Phytolon’s fundraising activities were dramatically affected by the Covid-19 crisis, as most of the conversation with potential investors were paused. The lockdown also affected the company’s ability to reach its corresponding R&D milestones.
Despite the challenging climate, the company moved on. It has completed the ongoing strategic pilot projects, and the funding round – the company raised $4.1 million. The capital will allow Phytolon to fund the scale-up and commercialisation plans.
Tel Aviv-based Agritask has created a single platform to manage agriculture operations, from A to Z, turning fact-based data into actionable insights.

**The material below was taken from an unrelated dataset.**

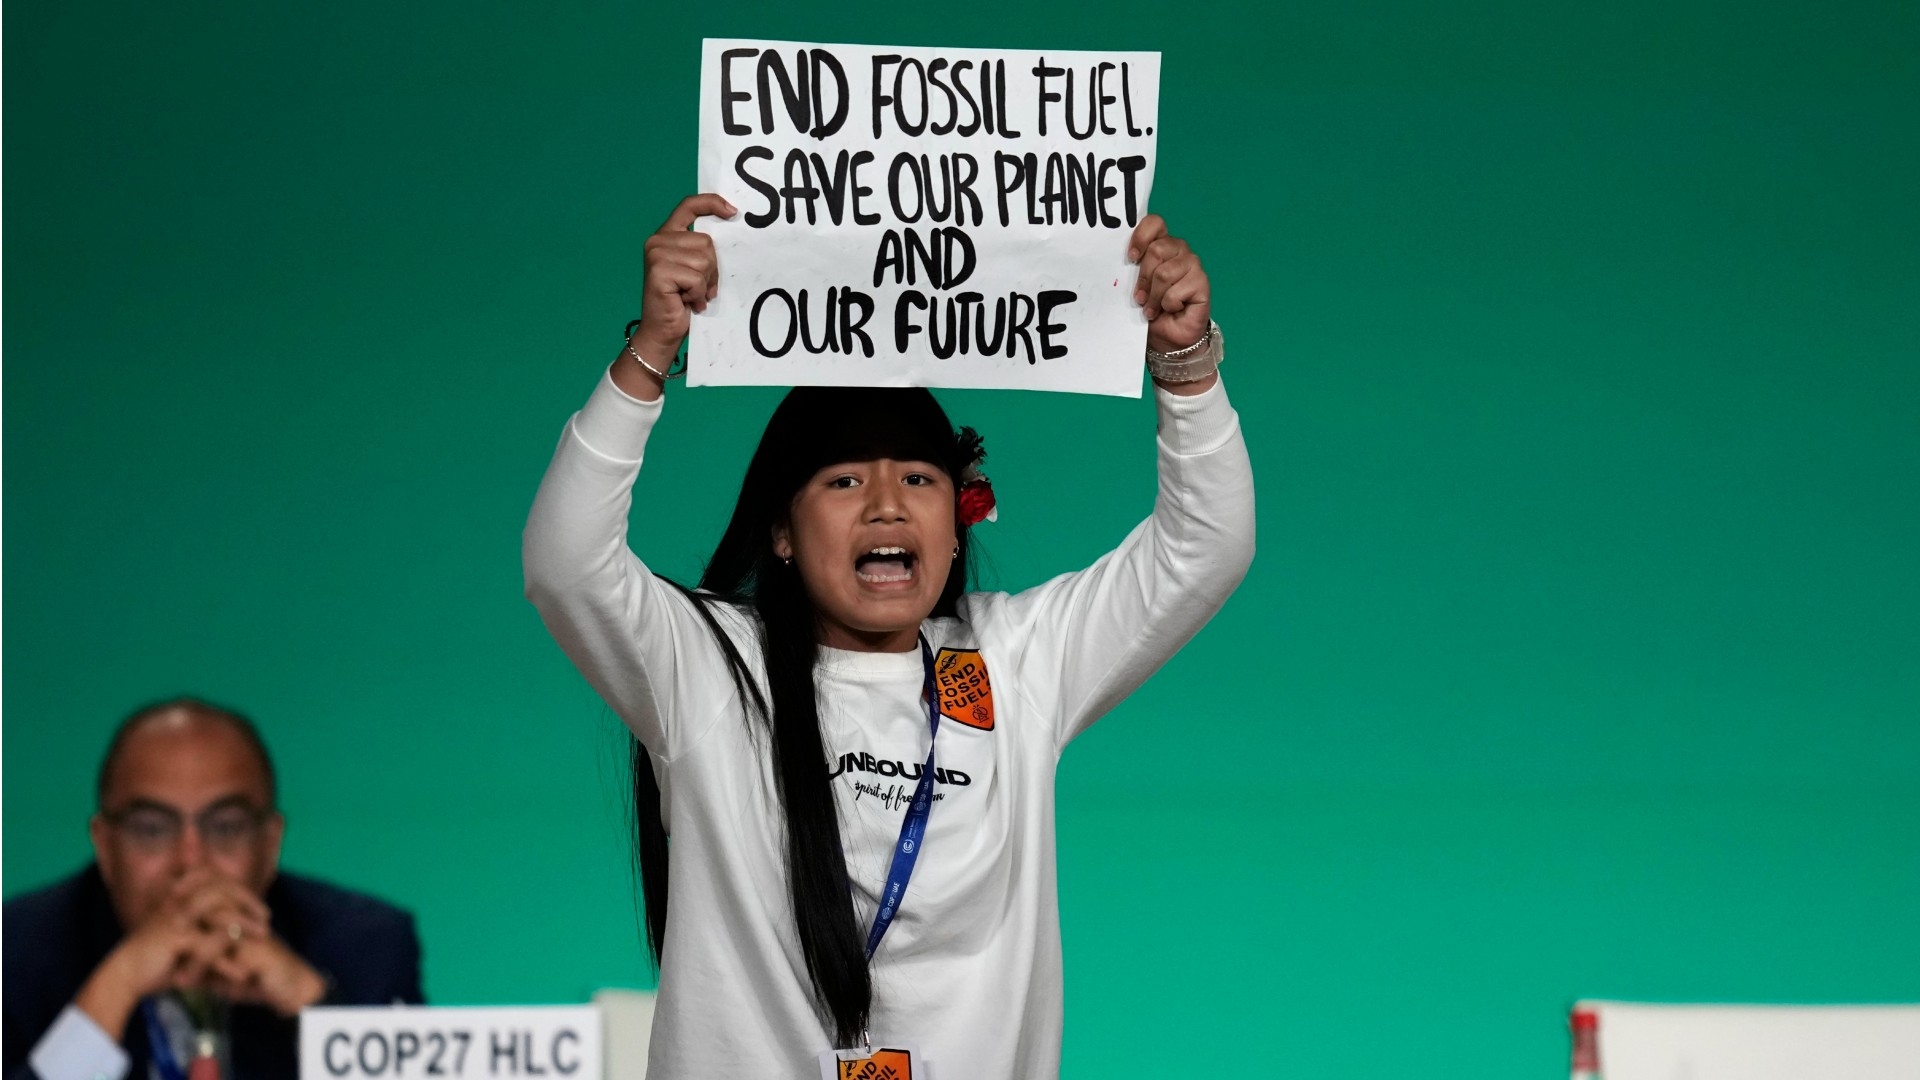 Licypriya Kangujam protests against the use of fossil fuels during an event at the COP28 U.N. Climate Summit, Monday, 11 December 2023, in Dubai, United Arab Emirates (AP)

The company was – and still is – scaling up fast and gaining significant traction with industry leaders across key customer segments, including growers, food companies, governments and NGOs, and insurers when the Covid-19 hit the market.
Ofir Ardon, Agritask chief executive, said the company was in active discussions with several investors to raise funds in Q3 this year to significantly upgrade its technology infrastructure, remote sensing solutions and market outreach capabilities.

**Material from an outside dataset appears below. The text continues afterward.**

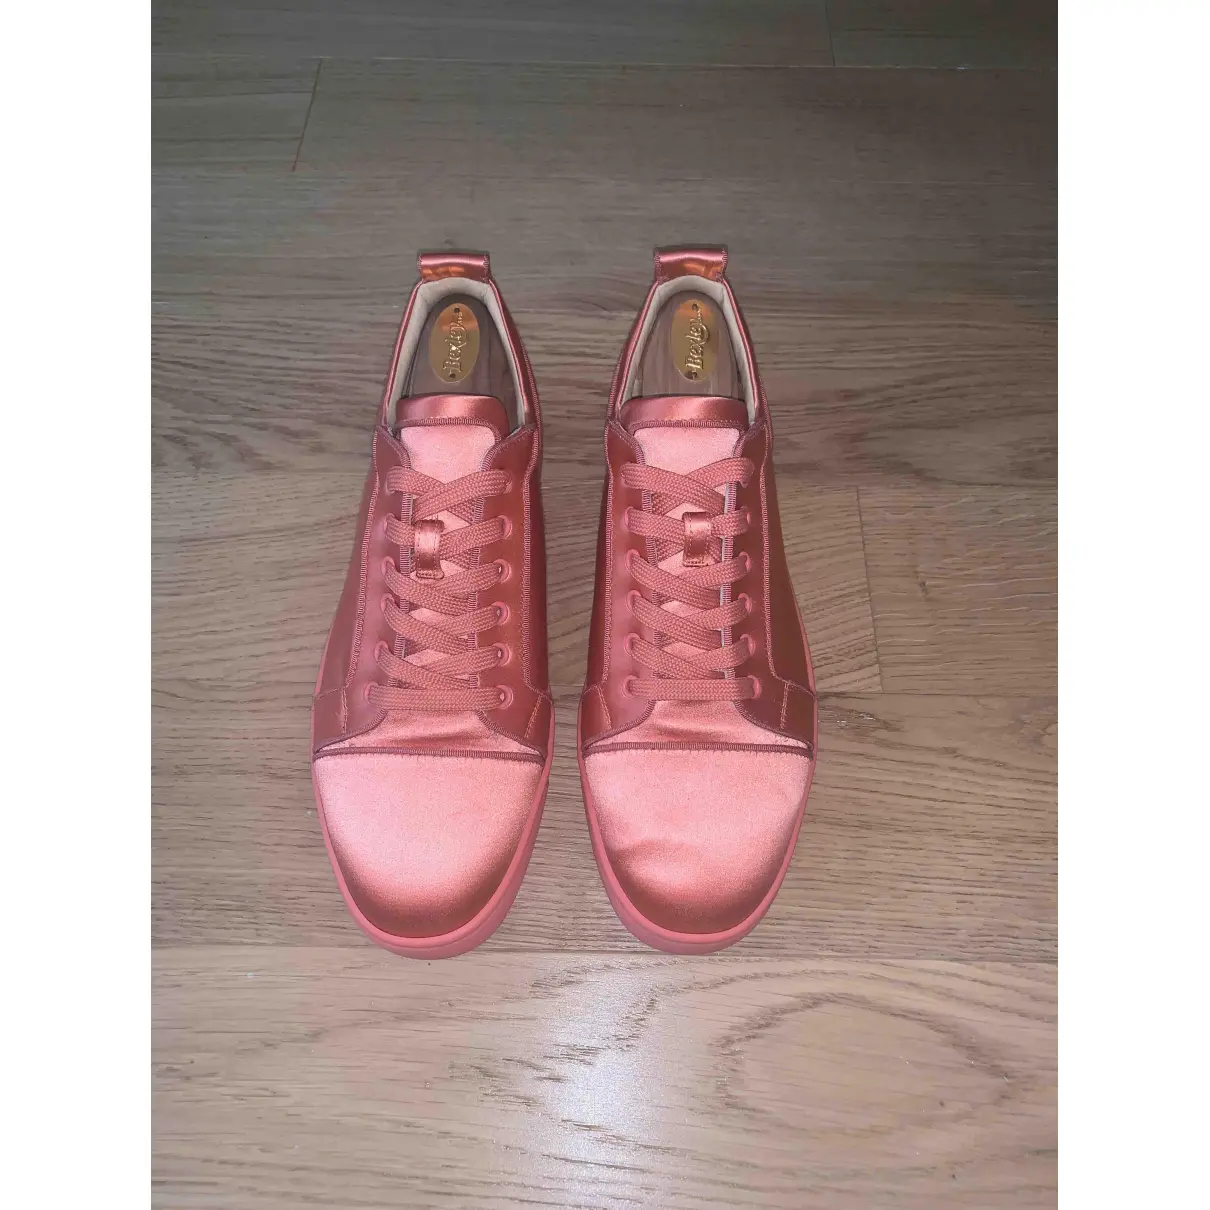 Buy Christian Louboutin Louis cloth low trainers online

“We see a positive commercial impact from Covid-19 as the need for digitalisation and remote operations have never been more obvious to potential clients. We received many more enquiries in Q3 as the world gets used to the new normal,” said Ardon.
The list of 13 start-ups in the EIT Food Covid-19 Bridge Fund is complete with four early-stages companies from Spain, France and the UK.
French Antofenol has an eco-friendly method of botanical extraction. Spanish Sencrop operates a digital platform for farmers, and Consentio a fruit & veg e-commerce platform. And UK’s Mimica is commercialising a temperature-sensitive indicator for food freshness.
Benoit Buntinx, told NutritionInvestor that the success of the initiative has fuelled a growing idea at EIT Food to continue investing in more companies next year. “We’ll find the way to make that happen via a new fund,” Buntinx concluded.